• About this exercise
For this exercise, retype the lines from the one that holds "Jabba The Hutt" through the one that holds "House for sale" in the records below, both included, exactly and without pictures.

• Material shown
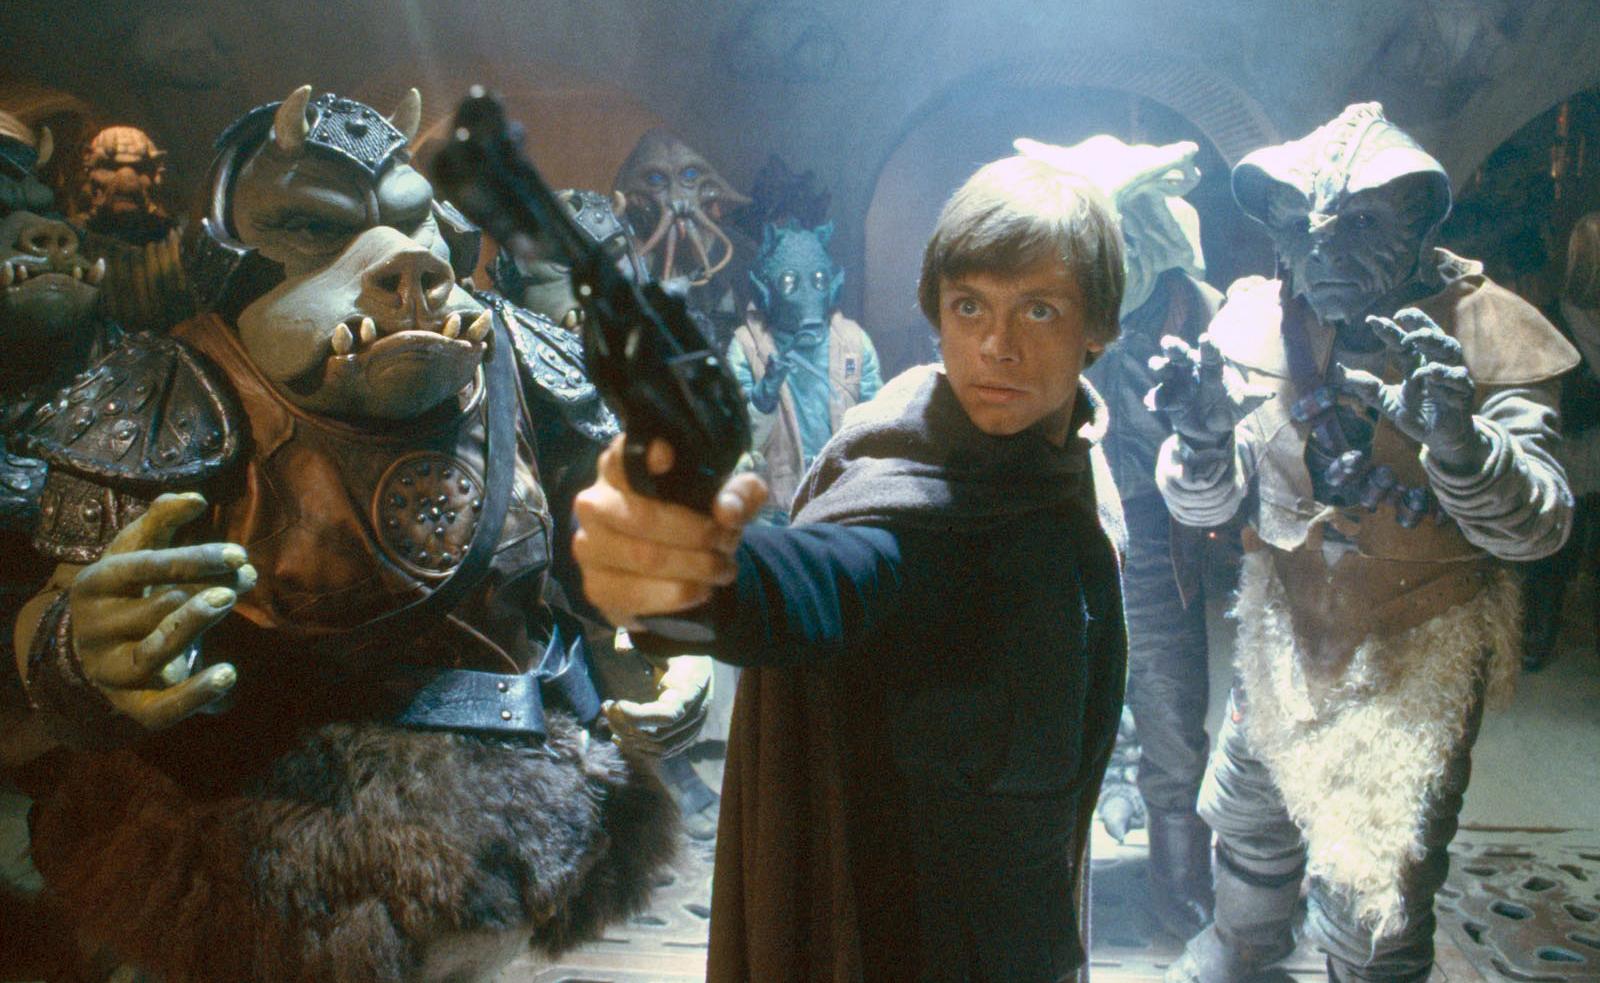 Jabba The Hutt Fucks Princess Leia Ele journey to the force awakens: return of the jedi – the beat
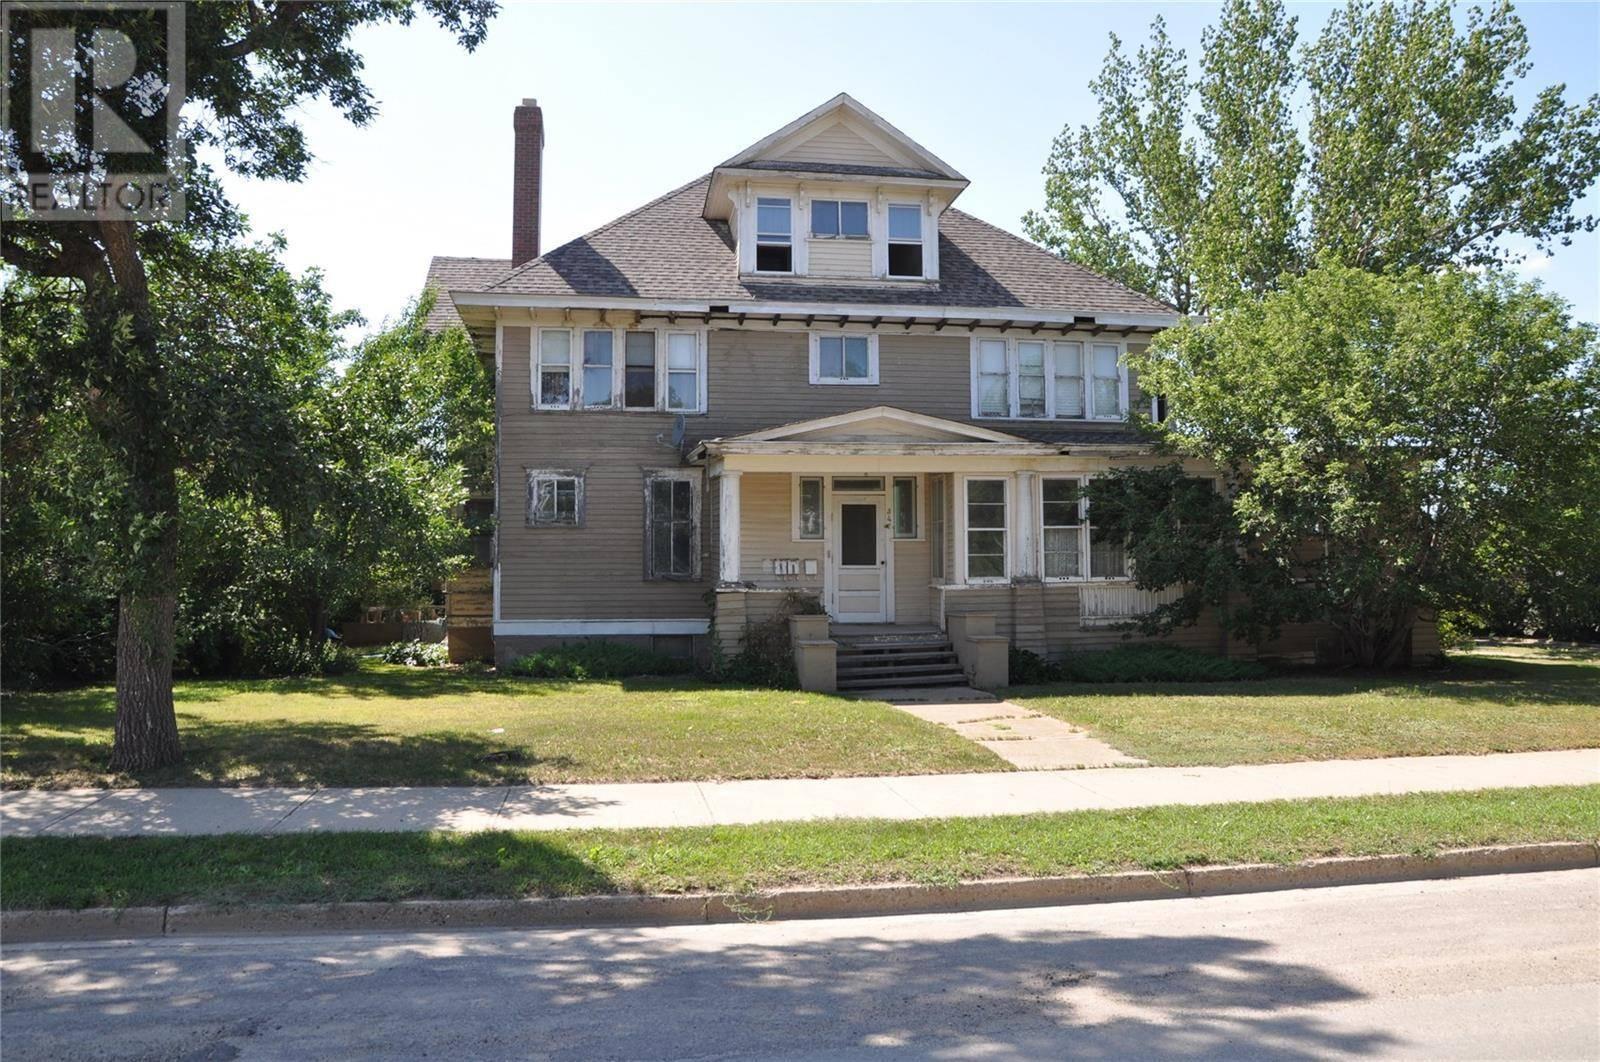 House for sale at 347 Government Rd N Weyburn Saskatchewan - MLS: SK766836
* * *
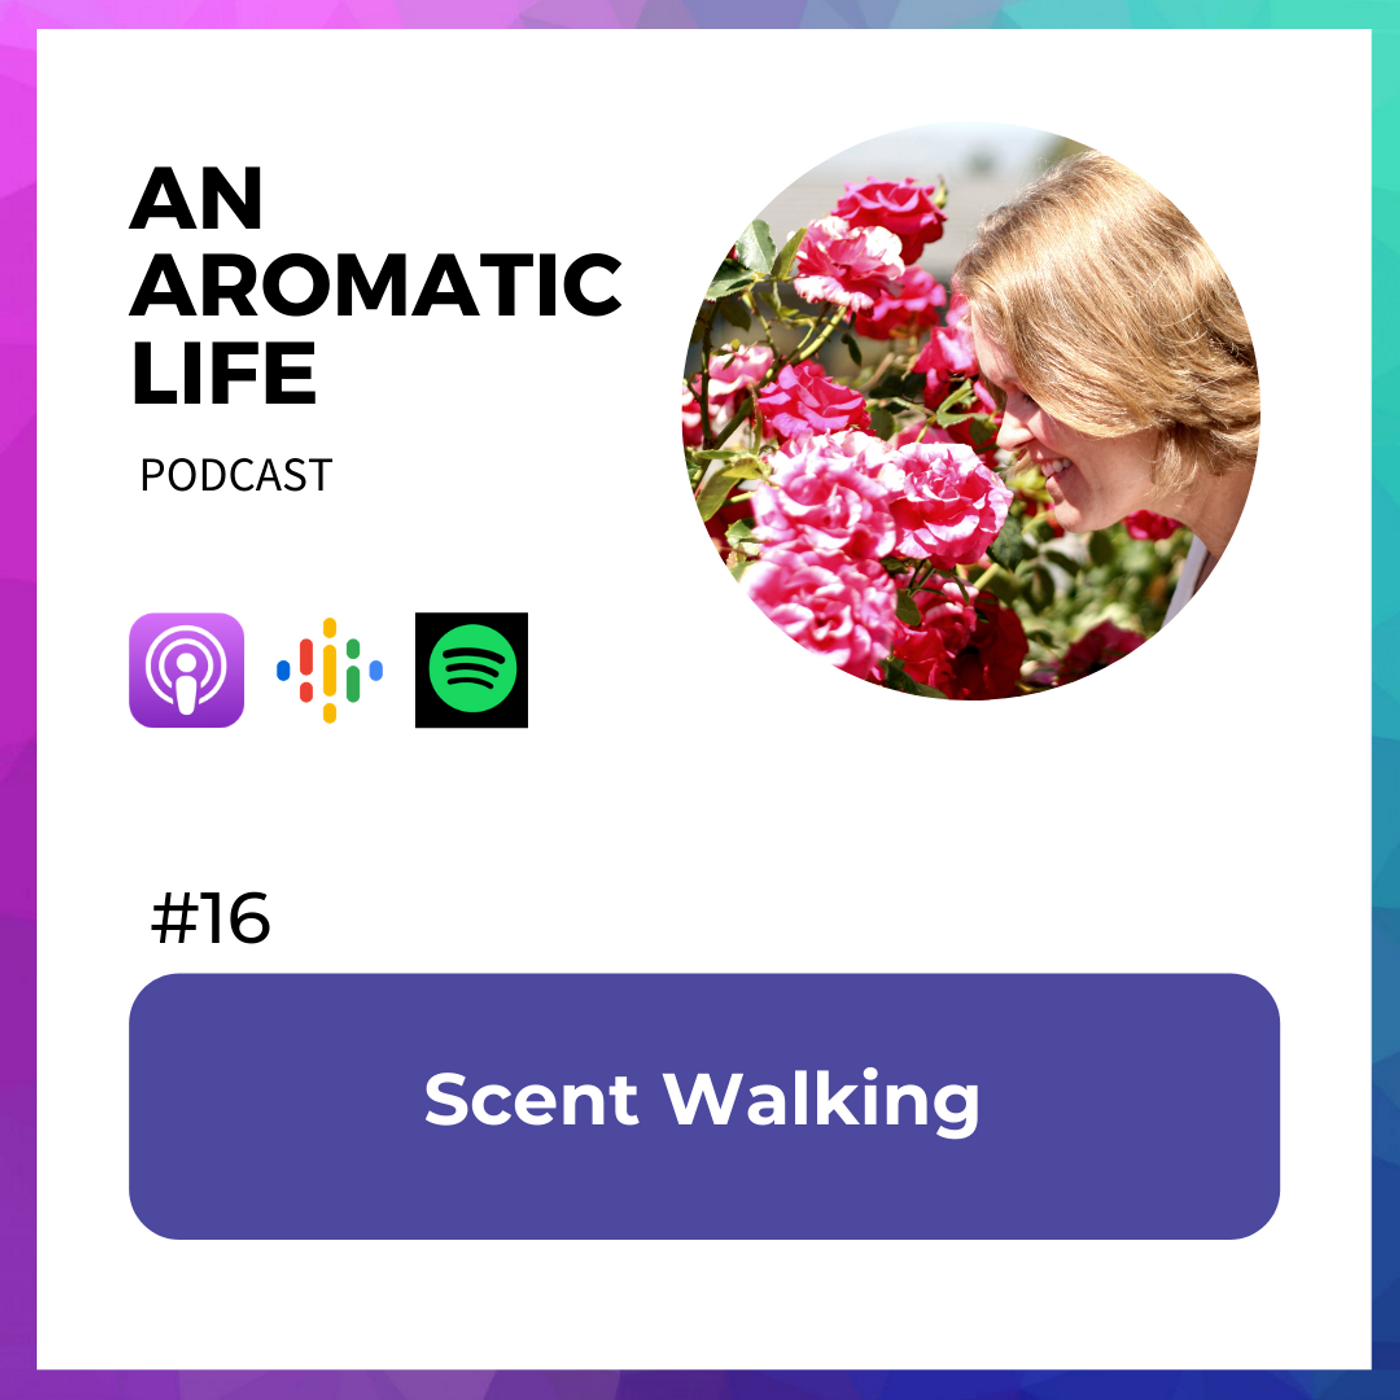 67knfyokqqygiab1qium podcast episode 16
* * *
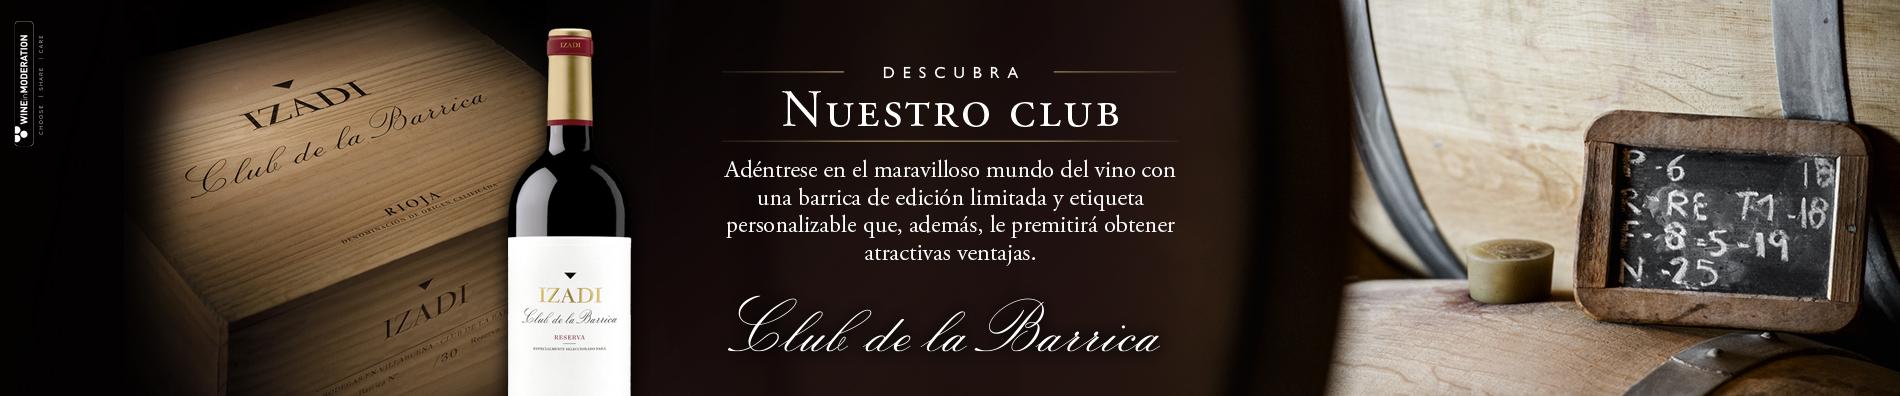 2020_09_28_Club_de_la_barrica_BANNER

• Task solution
 Jabba The Hutt Fucks Princess Leia Ele journey to the force awakens: return of the jedi – the beat
 House for sale at 347 Government Rd N Weyburn Saskatchewan - MLS: SK766836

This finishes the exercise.